2012 EDUCATIONAL BOOK - American Society of Clinical Oncology

Addition of Monoclonal Antibodies to RIC SCT
GVHD remains the major concern after RIC SCT and
attempts have been made to utilize monoclonal antibodies to
reduce the incidence of GVHD without increasing the subsequent
risk of relapse. Excellent results have been obtained
at MDACC using RIC based on a combination of fludarabine
and cyclophosphamide with the addition of rituximab, an
approach designed to maximize GVL by early tapering of
immune suppression with use of rituximab and DLI. Among
39 patients treated, median age 57 (range, 34 to 70), median
time from diagnosis to transplantation was 4.5 years. 33 All
patients had recurrent advanced disease, were heavily pretreated
with a median of three (range, 2 to 8) chemotherapy
regimens, and had been previously treated with fludarabine/
rituximab-based regimens. At transplant, 34 patients (87%)

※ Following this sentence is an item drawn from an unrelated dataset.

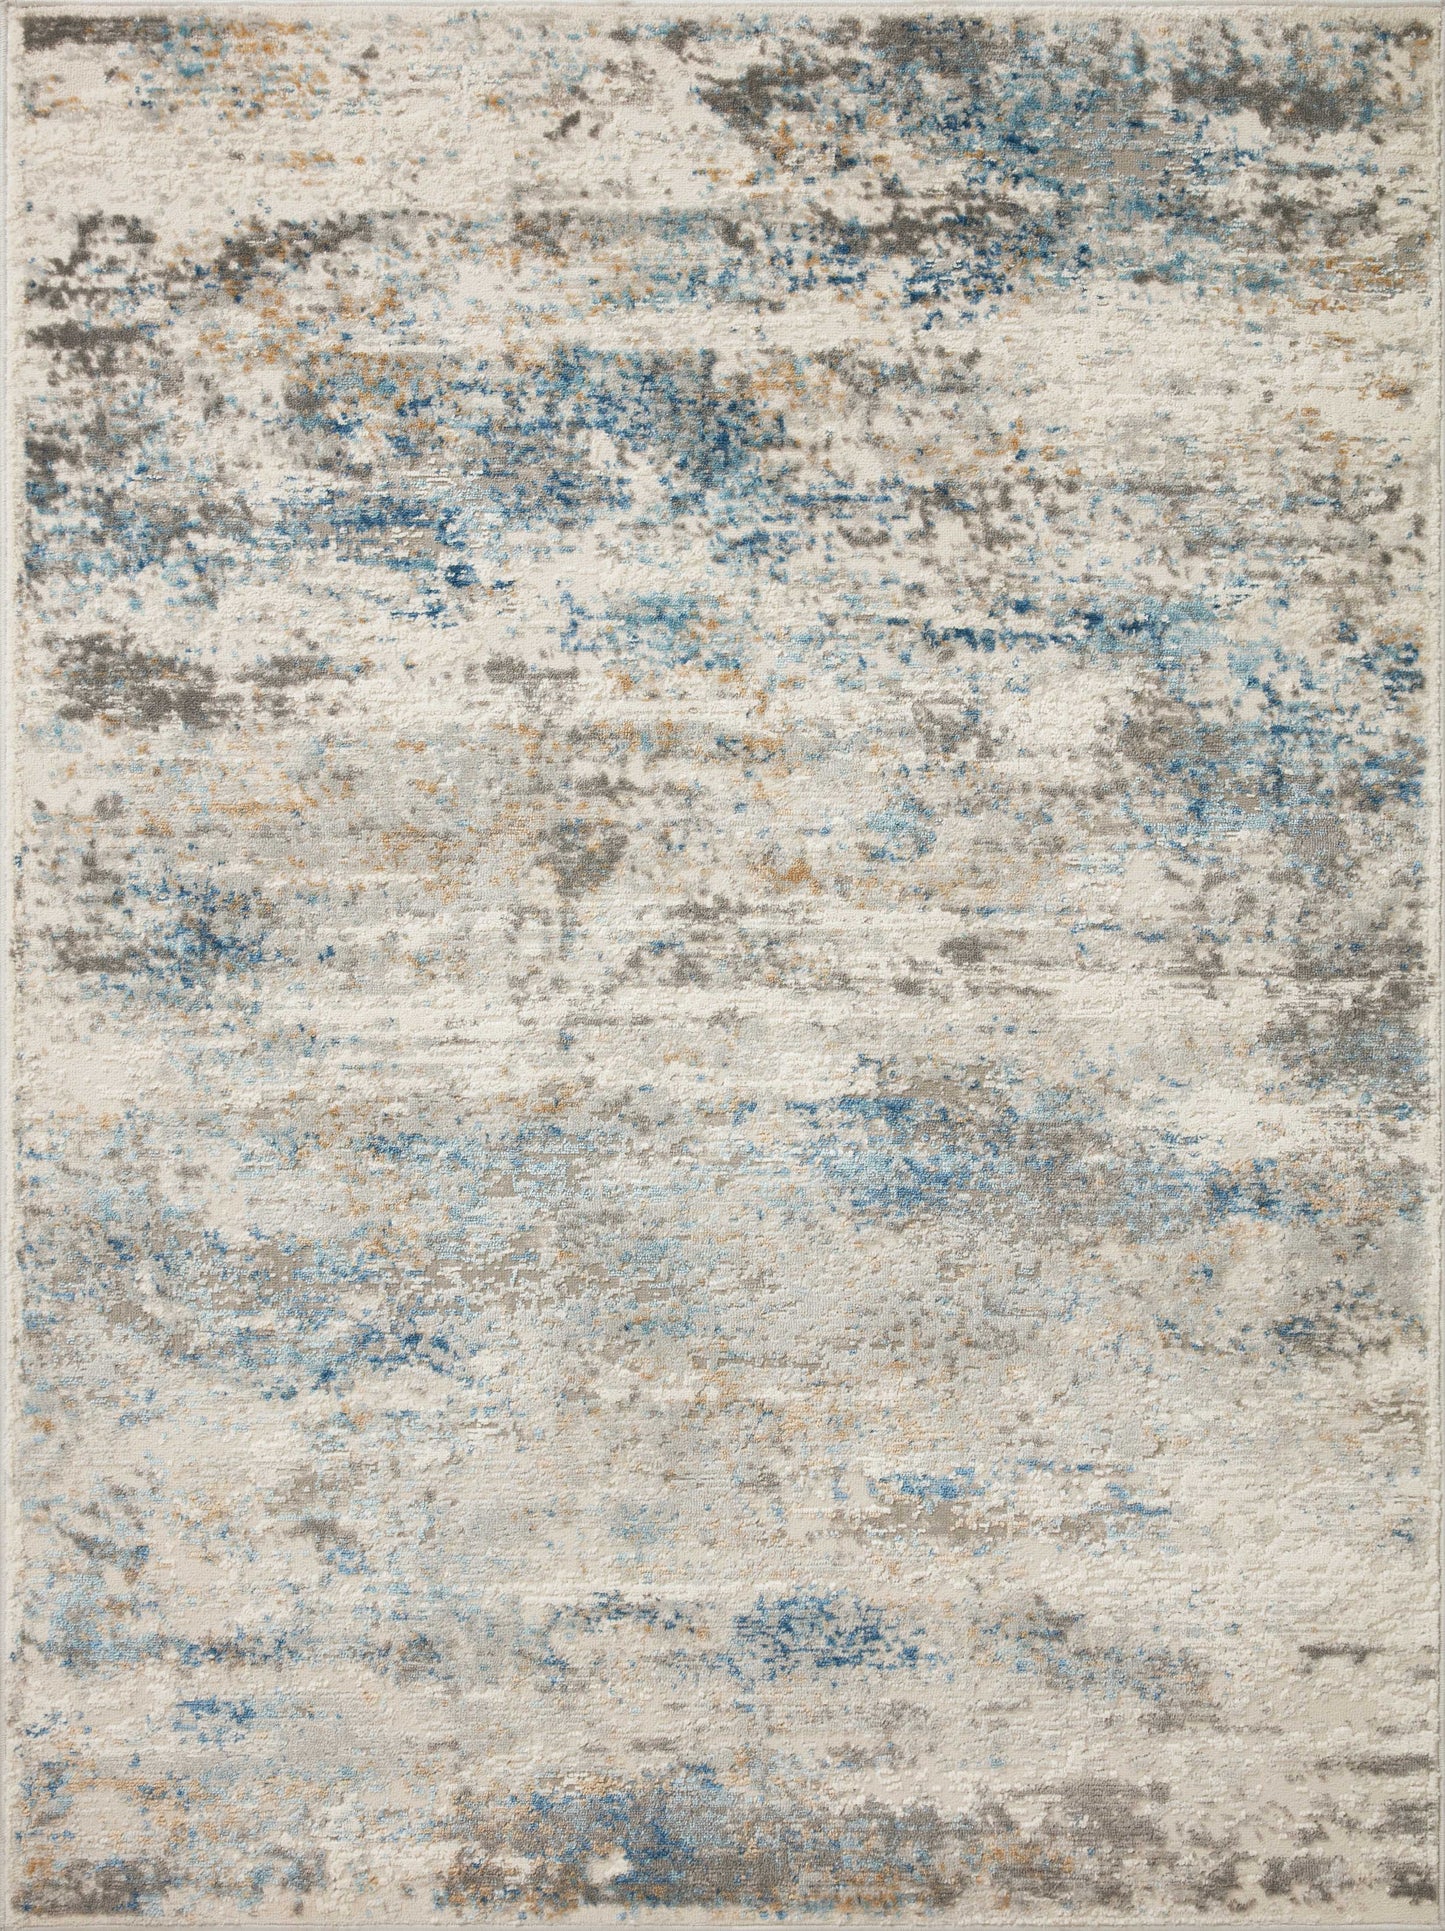 A picture of Loloi's Estelle rug, in style EST-03, color Ivory / Ocean

had active disease, including nine (23%) with evidence of
Richter’s transformation. In this series, only four of the
donors were unrelated. Fourteen patients required immunomodulation
with rituximab and DLI for persistent disease
after SCT. Only one patient died early, and among the 38
evaluable patients, 27 (71%) achieved CR with a 48% estimated
OS at 4 years and current PFS of 44%. Acute grade 2
through 4 GVHD was observed in 45%, but chronic extensive
GVHD was reduced without concomitant increased risk of
relapse.
GVHD can be decreased using alemtuzumab in the conditioning
regimen to reduce donor lymphocytes, but this is
associated with delayed immune reconstitution, increases
the risk of infective complications, and appears to impair
GVL. In 41 consecutive patients with CLL (24 HLA-matched
sibling donors and 17 unrelated volunteer donors, including
4 mismatched) treated with the conditioning regimen alemtuzumab
with fludarabine and melphalan had impressive
antitumor effects with 100% of patients with chemotherapysensitive
disease and 86% with chemotherapy-refractory
disease responding. 32 The TRM rate was 26%, OS was 51%,
and relapse risk was 29% at 2 years. GVHD rates were
relatively low with acute GVHD occurring in 17 (41%) and
chronic GVHD in 13 (33%). The unexpectedly high TRM
rate was because of a high incidence of fungal and viral
infections.
How to Select Who and When to Offer
Allogeneic SCT
All studies of SCT have enrolled younger patients with
“high-risk” disease. This term is very loosely defined and it is
difficult to determine precisely the risk factors used in each
of the reported studies. EBMT guidelines have been established
outlining indications for SCT in CLL, which conclude
that there is a evidence base for the efficacy of allogeneic
SCT in CLL and that this procedure is indicated in patients
with high-risk CLL. 38 Patients at high risk are defined in
Table 3 and include those requiring treatment who have
TP53 abnormalities (who merit allogeneic SCT in first
response), patients who fail to achieve CR, who progress
within 12 months after fludarabine, who relapse within 24
months after having achieved a response with combination
therapy, those who have relapsed after prior autologous
SCT, or those patients who are fludarabine refractory. It
should be noted that the only category that requires assessment
of biologic risk is detection of TP53 abnormalities.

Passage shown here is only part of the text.